● DATA TO EXAMINE
◇ ◇ ◇ ◇ ◇
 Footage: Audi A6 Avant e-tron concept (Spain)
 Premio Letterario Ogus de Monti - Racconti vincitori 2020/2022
◇ ◇ ◇ ◇ ◇
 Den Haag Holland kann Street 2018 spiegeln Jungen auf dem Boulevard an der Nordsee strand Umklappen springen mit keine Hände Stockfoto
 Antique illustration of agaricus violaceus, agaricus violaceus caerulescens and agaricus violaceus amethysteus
◇ ◇ ◇ ◇ ◇
● REQUIREMENT
Look above for the line containing "Footage: Audi A6". Output from there through the line containing "Premio Letterario Ogus", exactly and inclusively.

● ANSWER SPACE
 Footage: Audi A6 Avant e-tron concept (Spain)
 Premio Letterario Ogus de Monti - Racconti vincitori 2020/2022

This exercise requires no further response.